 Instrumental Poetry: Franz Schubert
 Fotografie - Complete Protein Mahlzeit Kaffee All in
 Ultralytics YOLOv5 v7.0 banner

--

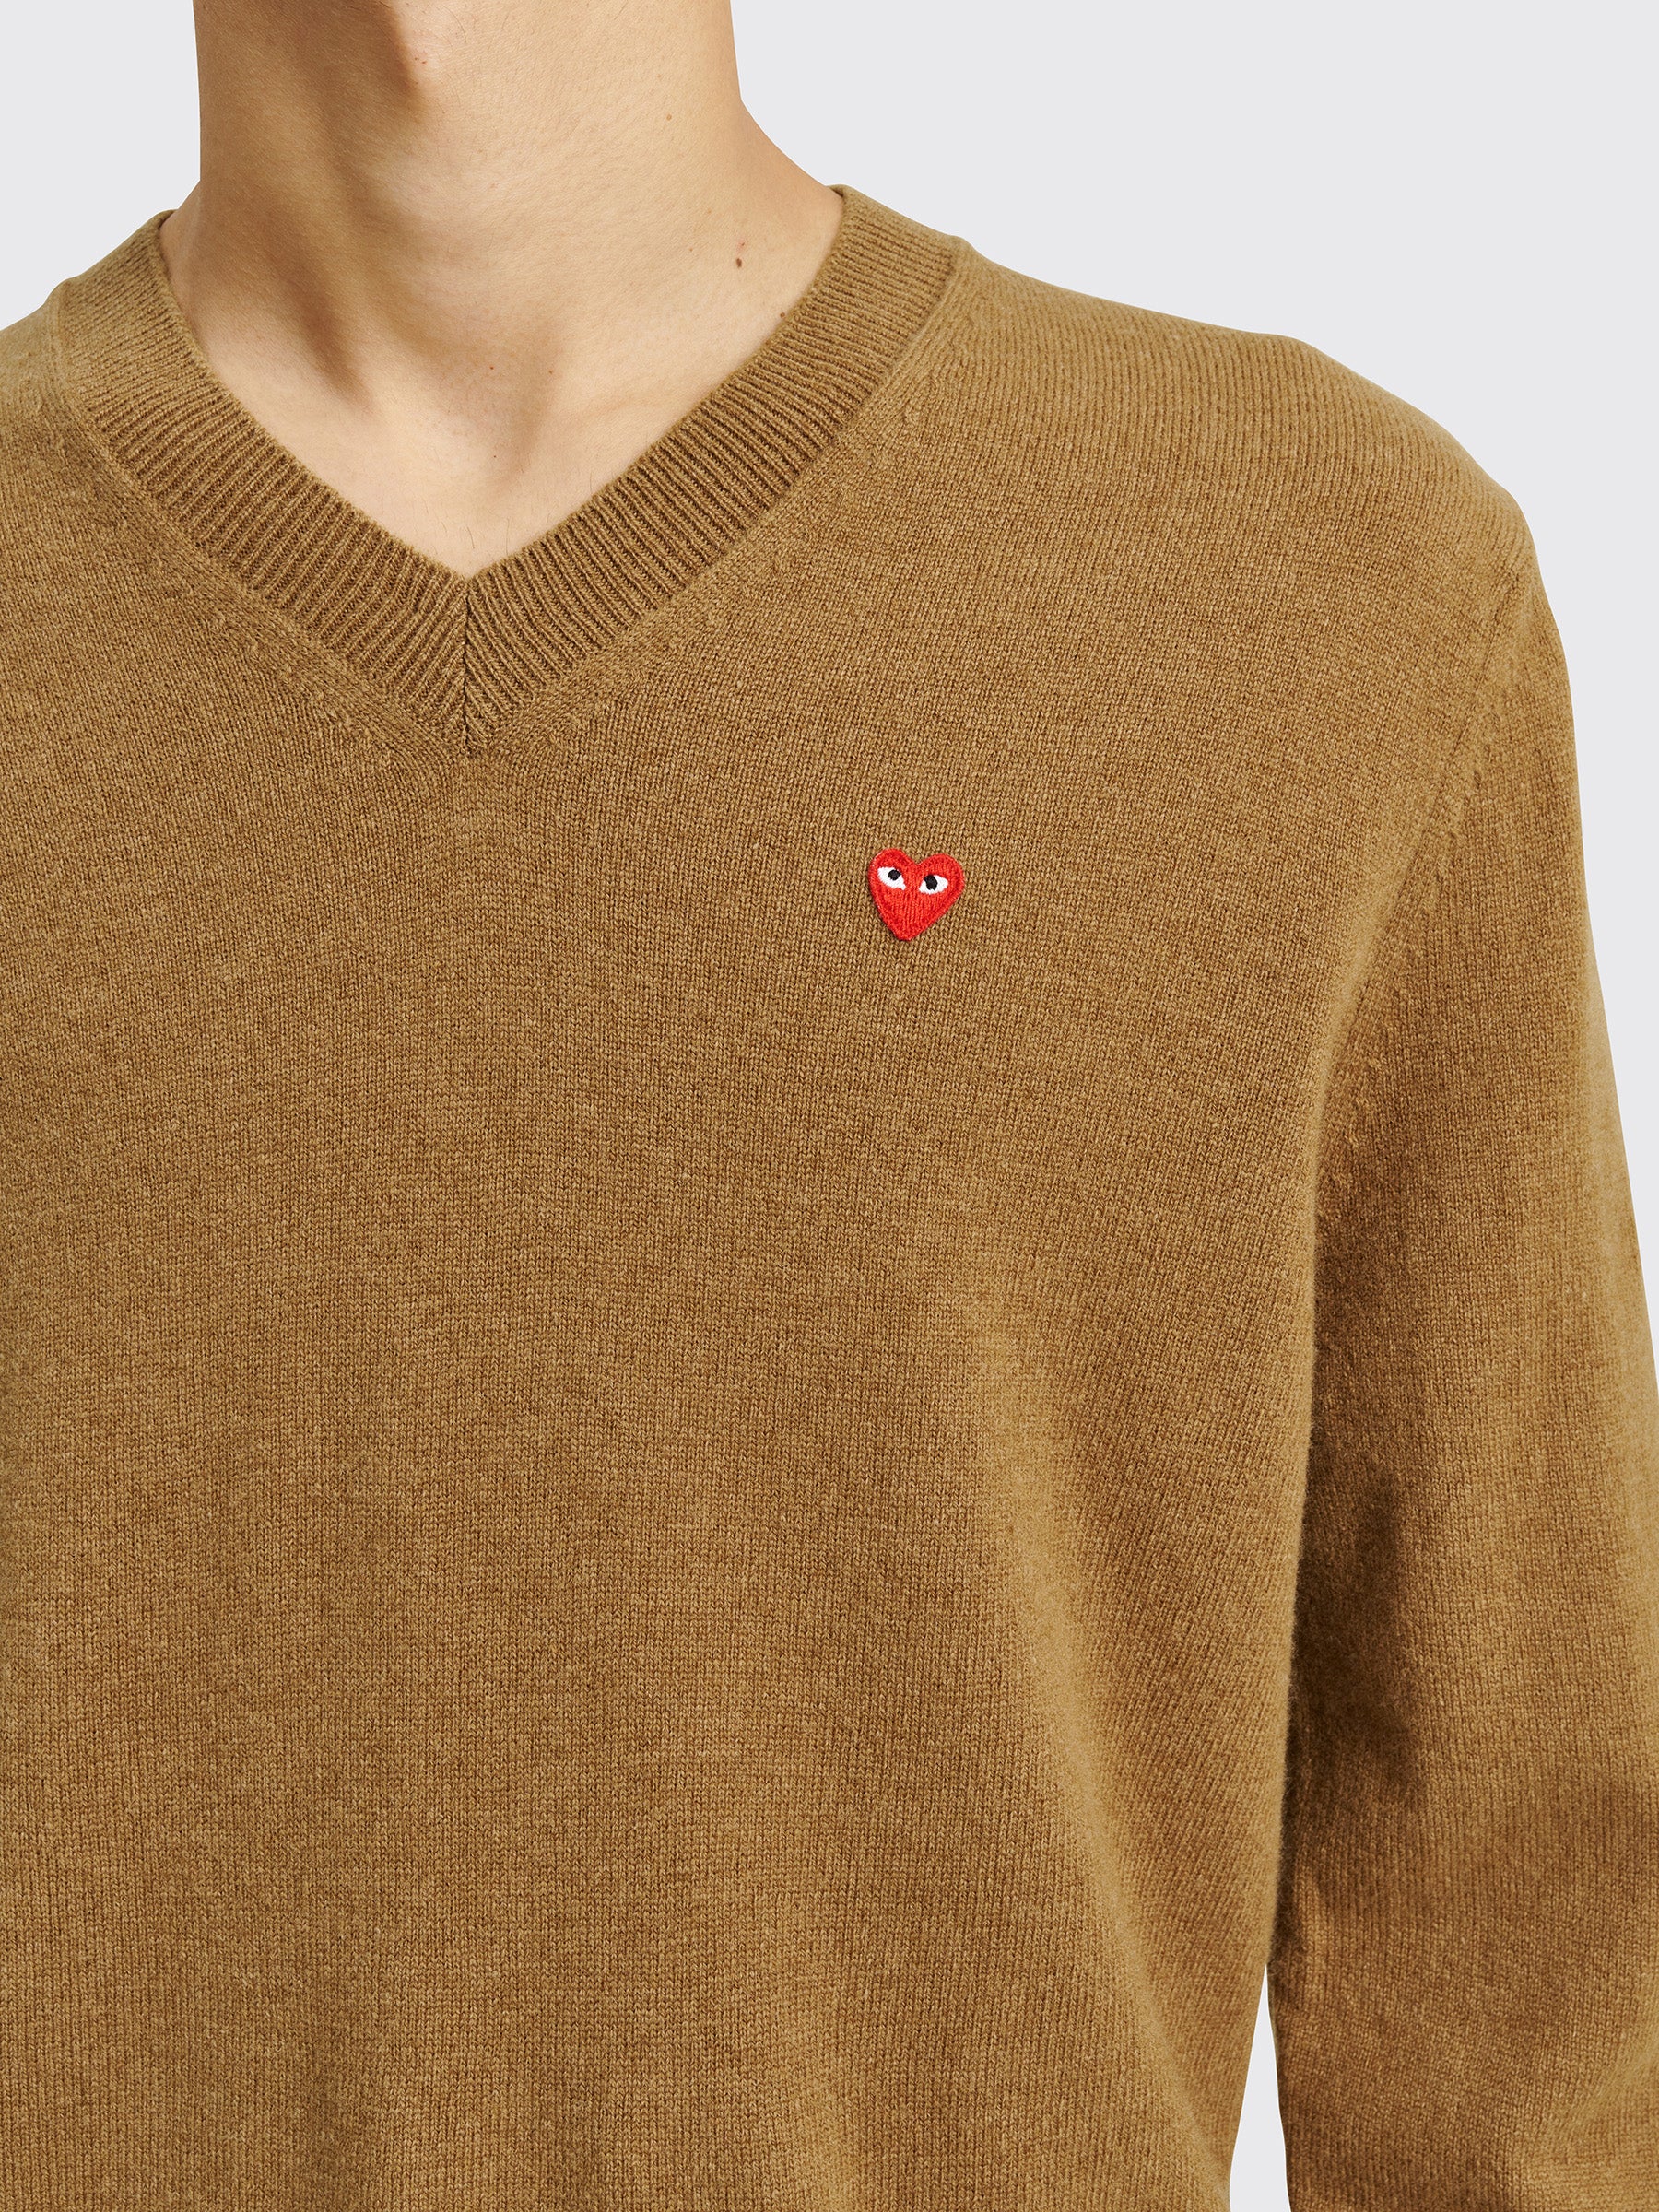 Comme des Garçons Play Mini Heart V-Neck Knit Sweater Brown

• [AIM OF THE TASK] All that is wanted is a faithful reproduction of the line above with "Instrumental Poetry: Franz Schubert", the line with "Ultralytics YOLOv5 v7.0 banner", and every line in between.

• [EXERCISE ANSWER]
 Instrumental Poetry: Franz Schubert
 Fotografie - Complete Protein Mahlzeit Kaffee All in
 Ultralytics YOLOv5 v7.0 banner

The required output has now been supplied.